The original Pebble was funded on Kickstarter and rocked up (oho) in 2013. It wasn’t the first smartwatch – but it was arguably the first one that mattered. However, I was at that point two decades deep into not wearing a watch at all. I’d never been a fan of the things, and once I started carting about a mobile phone, that was enough for keeping time. Before that, I was at university and, well, I went to art college. No one cared much about time-keeping there.
Set in stone
In hindsight, this was something I regretted. Avoiding the Pebble, that is, not going to art college. But now there’s a reasonable chance I’ll soon be able to immerse myself in Pebble joy without having access to a time machine – or resorting to eBay and risking a wag shipping me a rock in a box rather than a second-hand Pebble. This triumphant comeback comes courtesy of Pebble founder Eric Migicovsky and, in a rare moment of remembering its old motto, a temporarily not-evil Google.
Dissatisfied with modern smartwatches, Migicovsky has apparently been mulling over creating a new one for some time. But he feared writing the software from scratch could scupper his plans. So he asked Google whether PebbleOS could be released from the vaults the company acquired when it ate Fitbit – which itself had previously consumed Pebble. To everyone’s surprise, Google said yes and has now open-sourced PebbleOS, ready for clever coding folks to massage it with their magic hands (I’m pretty sure that’s technically how software is made) and inject the result into shiny new hardware.
Only the new Pebble smartwatch won’t be new in every sense. Because that’s kind of the point.
Rock the boat
I’m excited about Migicovsky’s vision for the new Pebble smartwatch, because it’s all about focus and sustainability. We need more tech that isn’t trying to do everything at once. Not everyone needs an iPhone on their wrist. In much the same way as I’m getting back into CDs and mulling over an e-reader, I like the idea of a smartwatch that does only what’s really important and necessary.
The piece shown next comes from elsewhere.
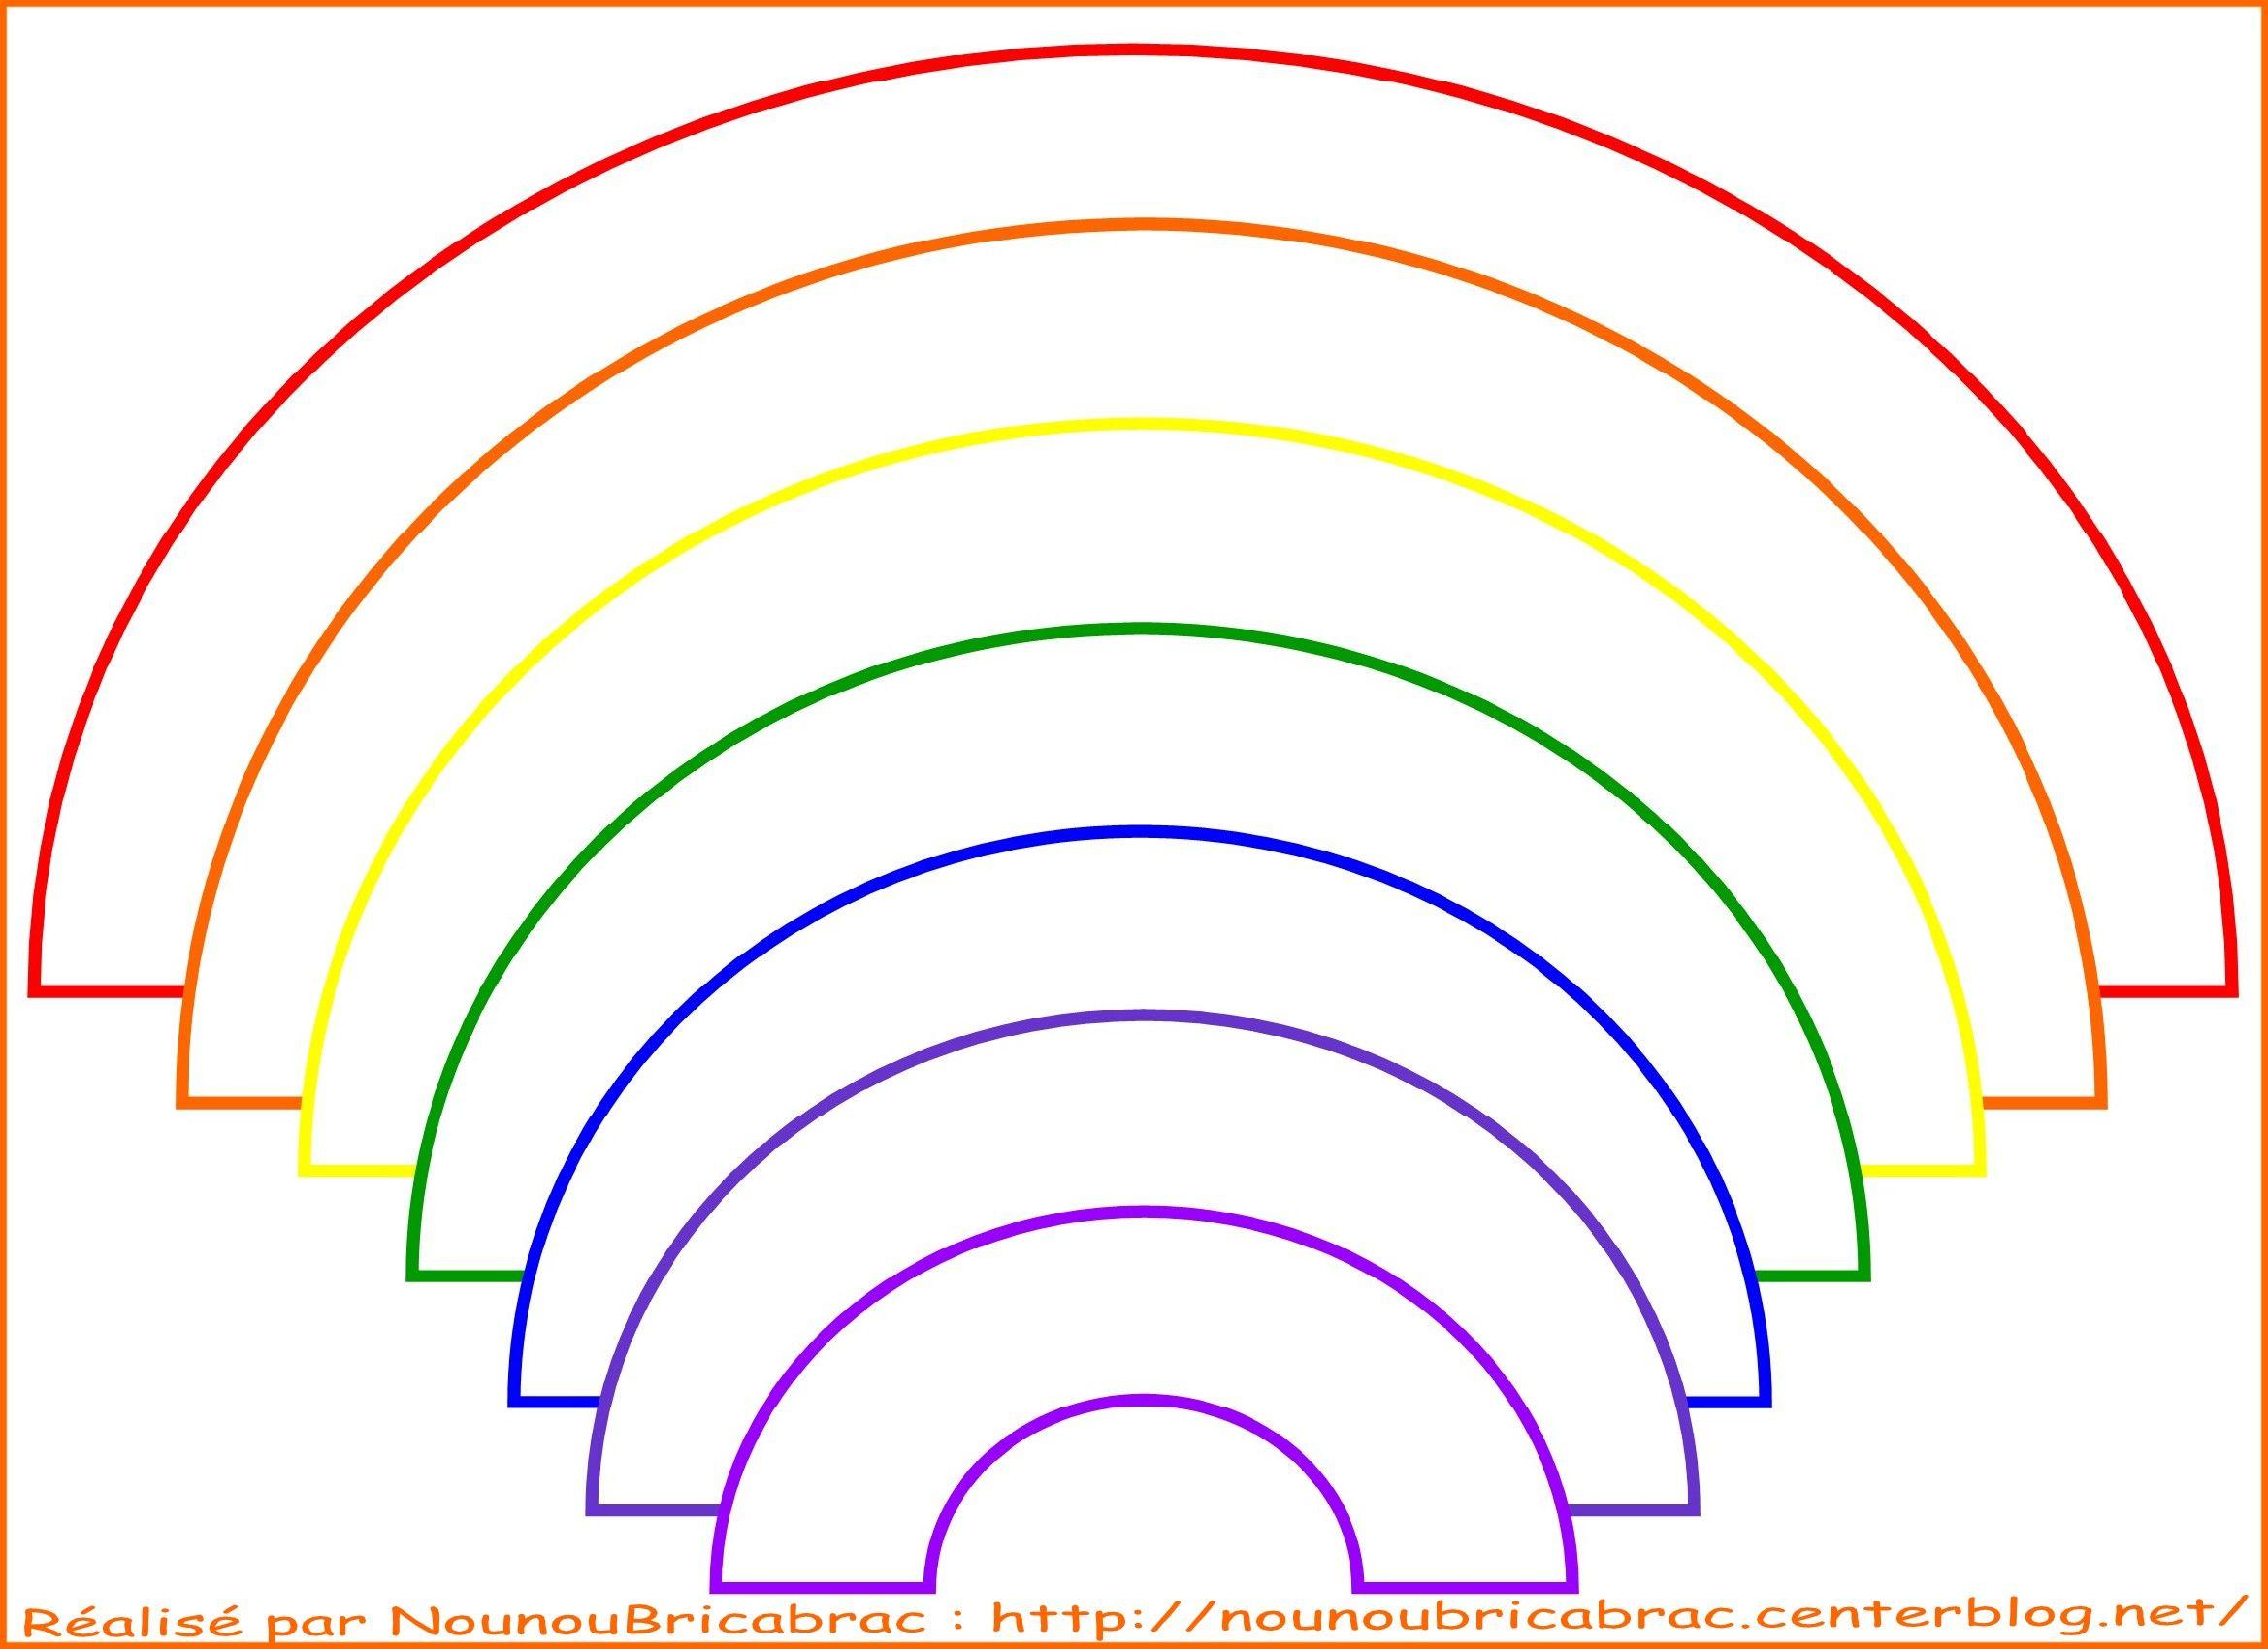 Acolorint El Cel De L Arc De Sant Martí Per Pintar Dibuix D Impressió Fiesta De Estrellas Pintar Cumpleaños

Migicovsky talks of an e-paper display that’s reflective, thereby working in sunlight, and that doesn’t look like you’ve a tiny distracting torch glued to your wrist. Of battery life measured in weeks rather than days (or hours). Of a small number of vital features – time, alerts, weather, music and step tracking – with simple interactions and physical buttons to activate them. But also of integration with modern smartphones and customisation that lets you make the device your own.
Which isn’t to say I want to hurl my Apple Watch into traffic just yet. Definitely not before I complete today’s rings anyway. But competition can make existing players rethink. My current Apple Watch no longer demands an exaggerated wrist flick to use its display. If the new Pebble – Nebble? – can convince Apple to iterate further and steal its best ideas on things like battery life, simplicity and customisation, I won’t complain. Or maybe I’ll switch. Either way, perhaps this time round Pebble won’t be taken for granite.